To do this, we had to depart from the traditional way we built web applications in Colony until now. Our primary way of doing web applications was to have a Python implementation of Colony running on the server-side with all the plugins necessary to support the application's logic and deployment, which roughly meant having Object-relational-mapping, HTTP server and application logic plugins.

When the user accessed the Colony instance's HTTP server by typing the web application's URL in the browser, Colony would serve its Javascript implementation, opening up a way to provide modularity on the client-side. From here onward, the server would send all the required plugins to the browser and it would execute them in its Javascript Virtual Machine, which in the end had the effect of rendering the whole web application.

To achieve the level of modularity we usually targeted for, we didn't provide the client-side visual and logic code in the web plugin itself, but added yet another useful level of indirection by partitioning this code into a Model, a View, a Controller, and a Presentation Model, in a fashion similar to the traditional MVC design pattern, and wrap these parts in a concept we call an MVC Module.

MVC Modules are managed on the client-side by a MVC Manager, which provides lifecycle management in a manner as similar as possible to the Colony specification, but with all the particular twists required to provide modularity in visual components. Finally, in the Module's View, we would then implement the user interface using Colony Web UI, our own Javascript widget library.

This way of doing things is architecturally sound, and it's the best solution in the long run, but it's still painfully slow to develop in, as we end up only breaking it even in terms of development time by being able to avoid a lot of bugs that would come from a more ad-hoc messy approach. We have ideas on how to cut this time shorter, but they're still pending implementation.

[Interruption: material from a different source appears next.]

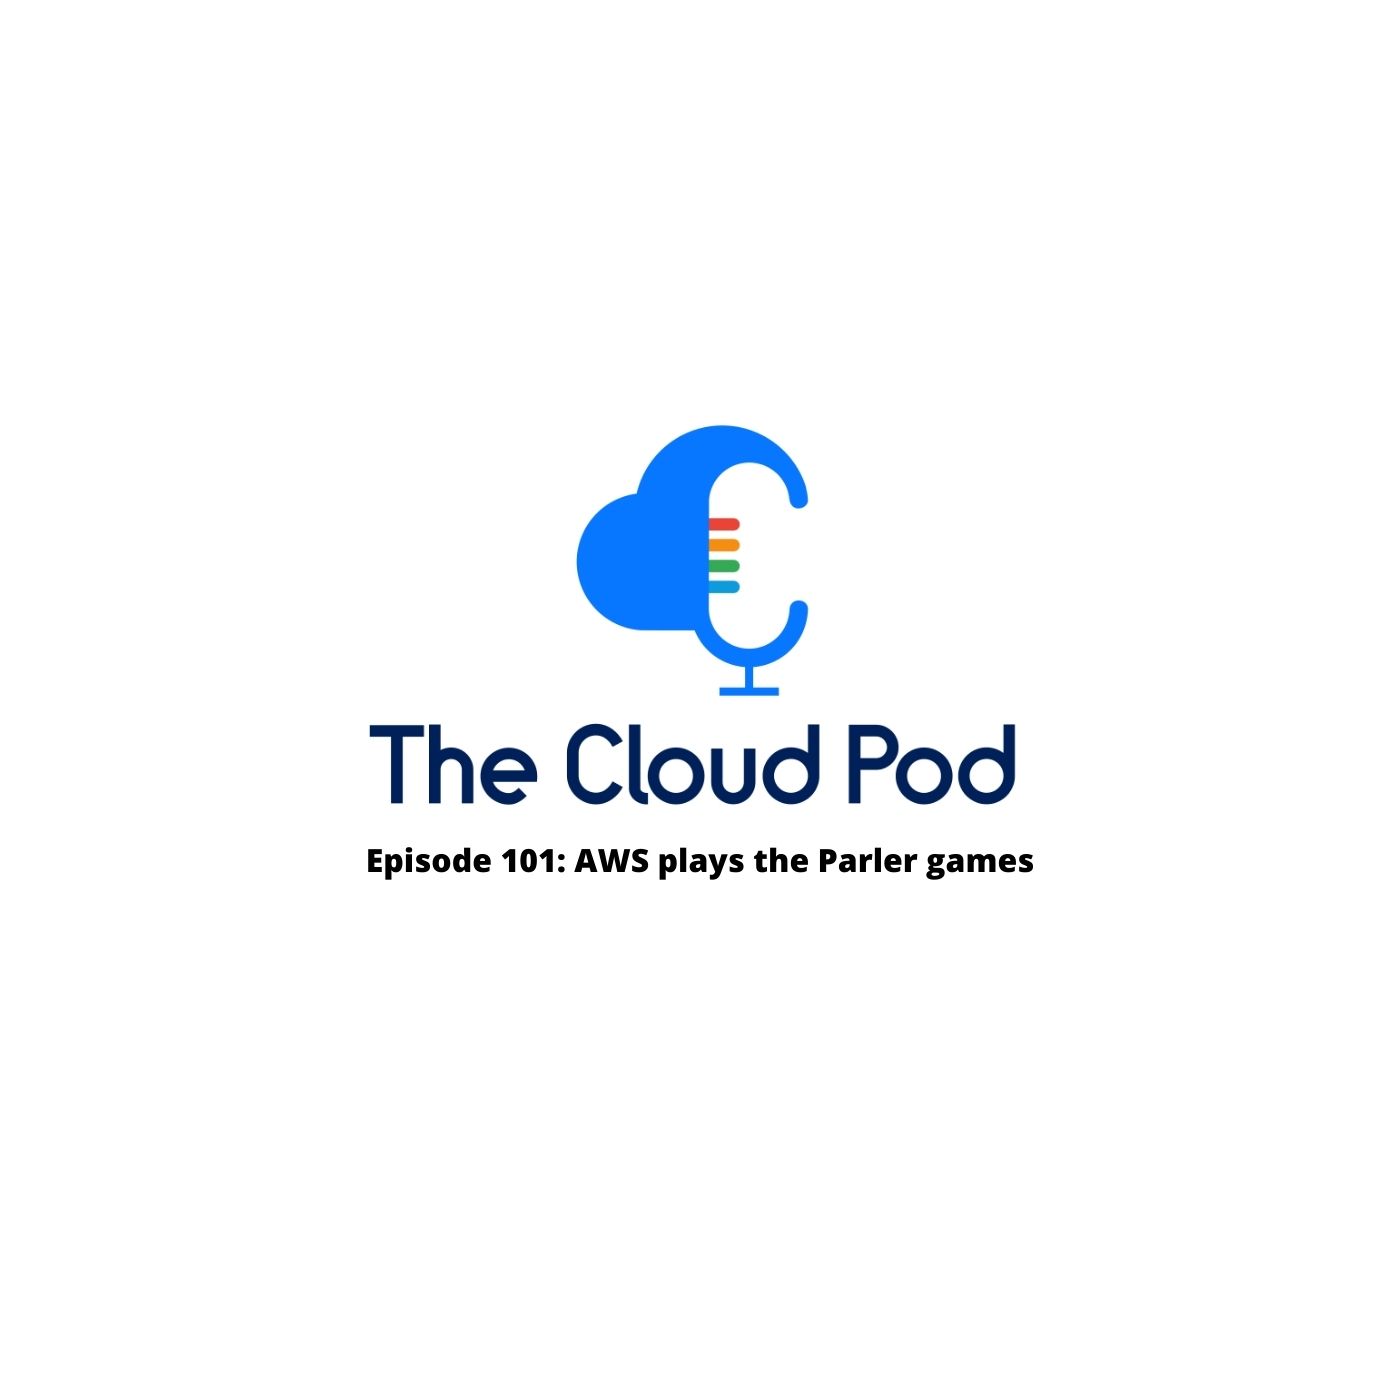 Episode 101: AWS plays the Parler games

Long story short, we could have never implemented this application in this time frame with this previous approach without overdosing on caffeine, so we took a different route this time.

No need for modularity on the client-side, so no Colony implementation on the browser. Modularity on the server-side was enough, so we threw the whole Javascript stack to the side this time... leaving only some jQuery wizardry in the plate.

Separation of concerns was made possible on the server-side due our lightweight MVC server-side framework plugins. This was enough to separate logic, static content, dynamic content and visual components, and therefore more than enough to make the whole party.

In the end, Colony is now more all-purpose than ever, which means more power to the people :). Also, we now have a prototype of a new Software-as-a-Service which can easily be shaped into a consumer-level reliable service if we decide to go in that direction, which we can use as another trophy in our showcase regardless.